Flip Smit is a South African demographer and former Vice Chancellor and Principal of the University of Pretoria. His research on the urbanisation of the black population in South Africa provided scientific proof in the early 1980s that separate development, as applied by the Government of the day, could not work.

Biography

From 1966 to 1971 Smit was a researcher and later head of research at the . At the request of the South African Government he and Prof G.M. Leistner conducted a feasibility study on moving Malawi's capital to Lilongwe. In 1972 he was appointed professor and head of the department of geography at University of South Africa.
Smit served as senior deputy president at the Human Sciences Research Council before being appointed as Vice Chancellor and Principal of the University of Pretoria in 1992. After a term of five years he returned to his research in demography and retired in 2000.
He is the author or co-author of six books and more than 120 articles published in scientific journals.

Education

Smit was awarded his Masters in Geography from the University of Stellenbosch in 1961, and his Ph.D. from the University of South Africa in 1965.

Research

Smit's most important research contributions were in the field of demographics. He worked on population migration, specifically on the urbanisation of the black population in South Africa.
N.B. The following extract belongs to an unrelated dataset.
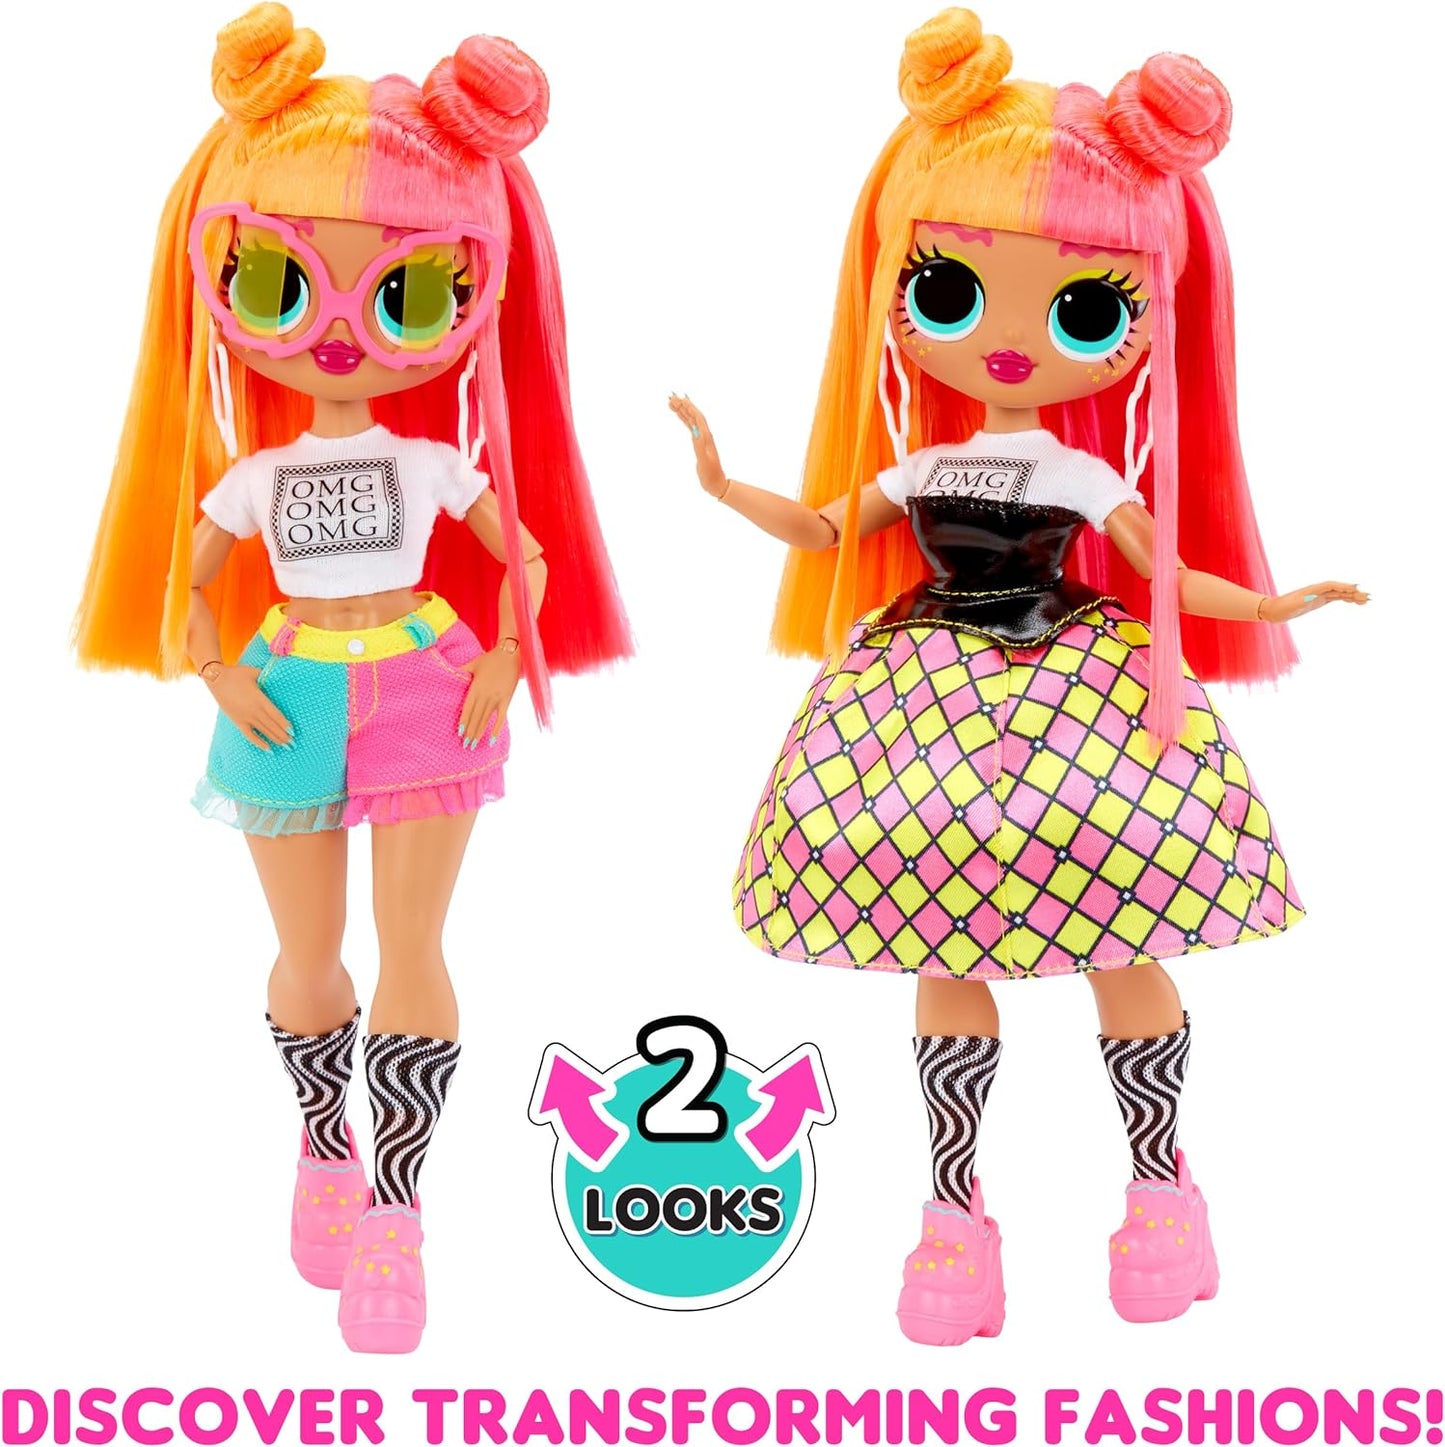 LOL Surprise Boneca fashion OMG - Swag - com várias surpresas, incluindo modas transformadoras e acessórios fabulosos - ótima para crianças a partir de 4 anos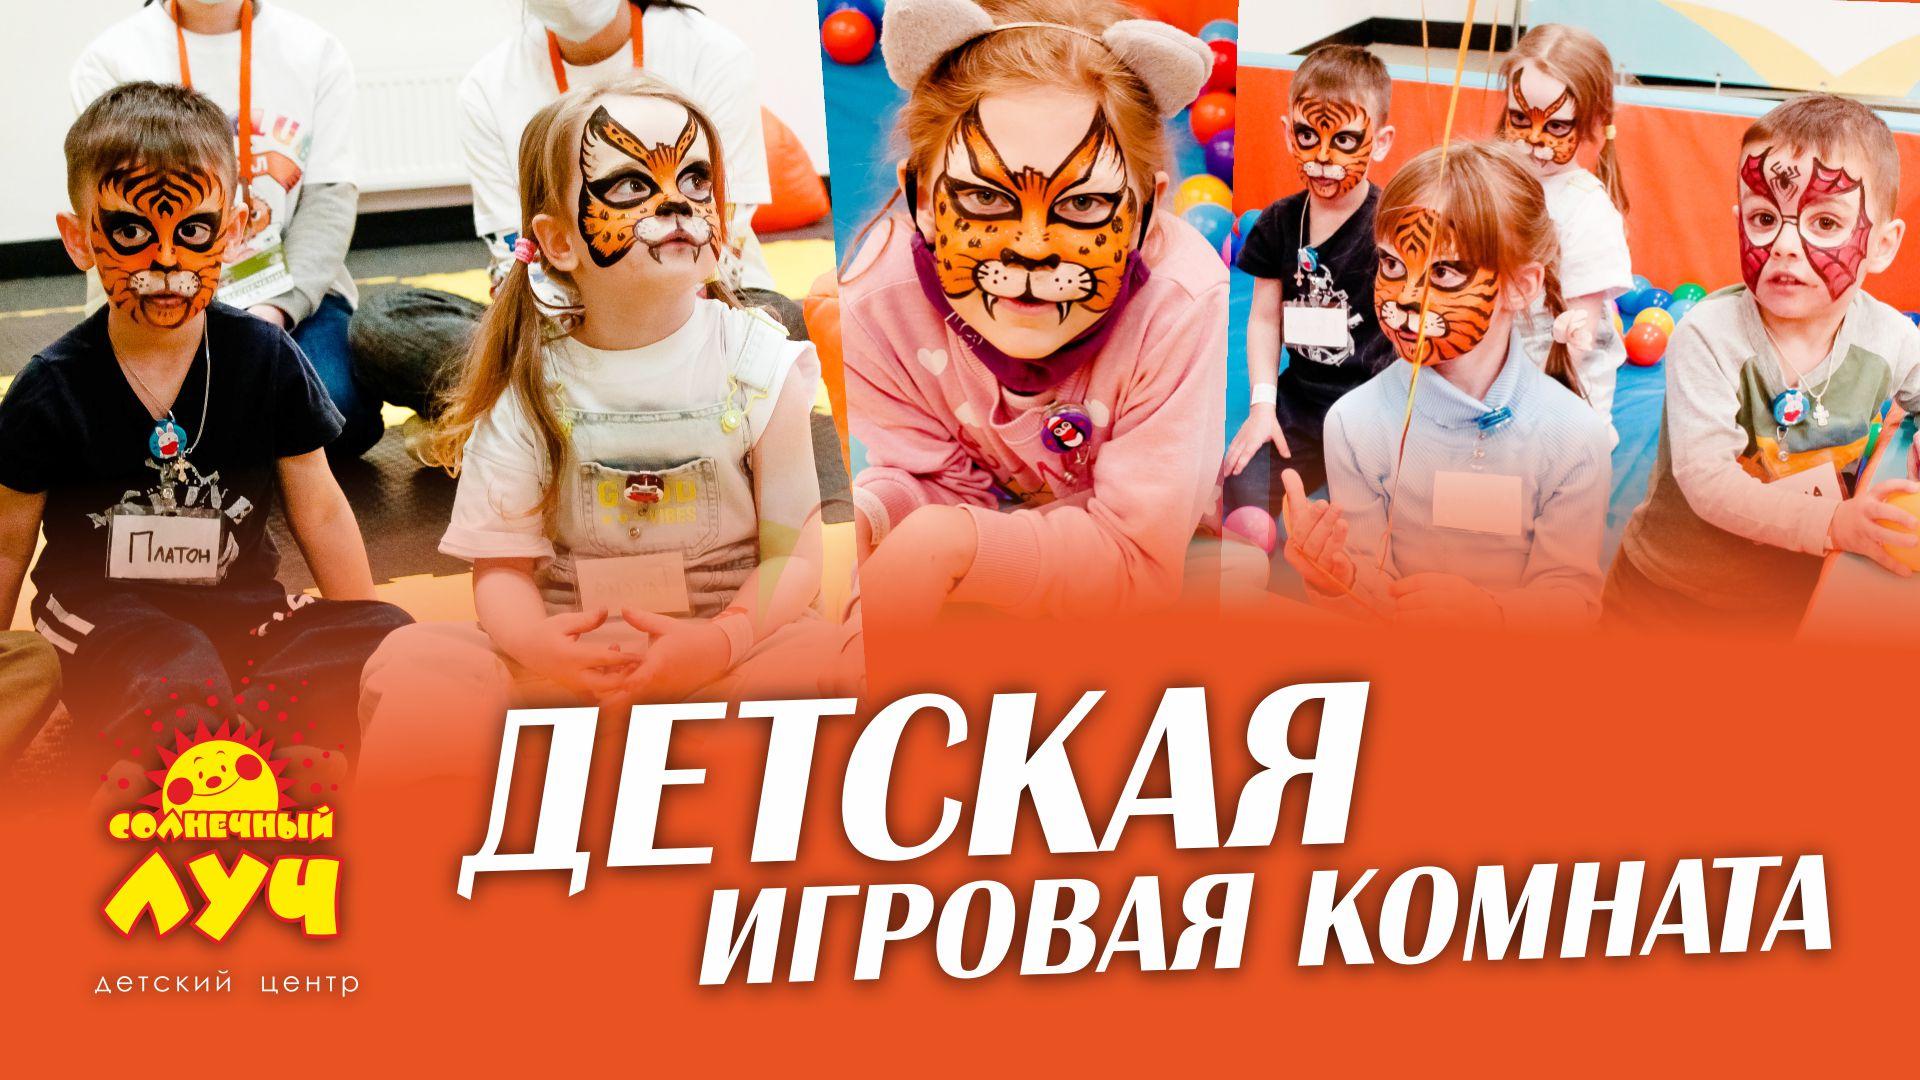 Запись в детскую игровую комнату на матч «Урал» - «Химки»!

The research results served as guidelines for socio-political planning by the government and private institutions, but as far back as the early eighties, provided scientific proof that separate development, as applied by the government of the day, was not sustainable.
His knowledge of demographics also enabled Smit to play an important role in establishing the nine provinces of South Africa and the drawing of their boundaries in 1993. In addition to research in demography he also undertook research on higher education.

Awards and accolades

Among Smit's many accolades are the Percy Fox Foundation Award for outstanding contributions in the field of migration, urbanisation and housing; the Vice Chancellor's medal for outstanding contributions to the University of Pretoria and a medal as one of the University's 100 leading minds; and honorary doctorates from the University of Pretoria, the University of Stellenbosch and the Moscow Business University.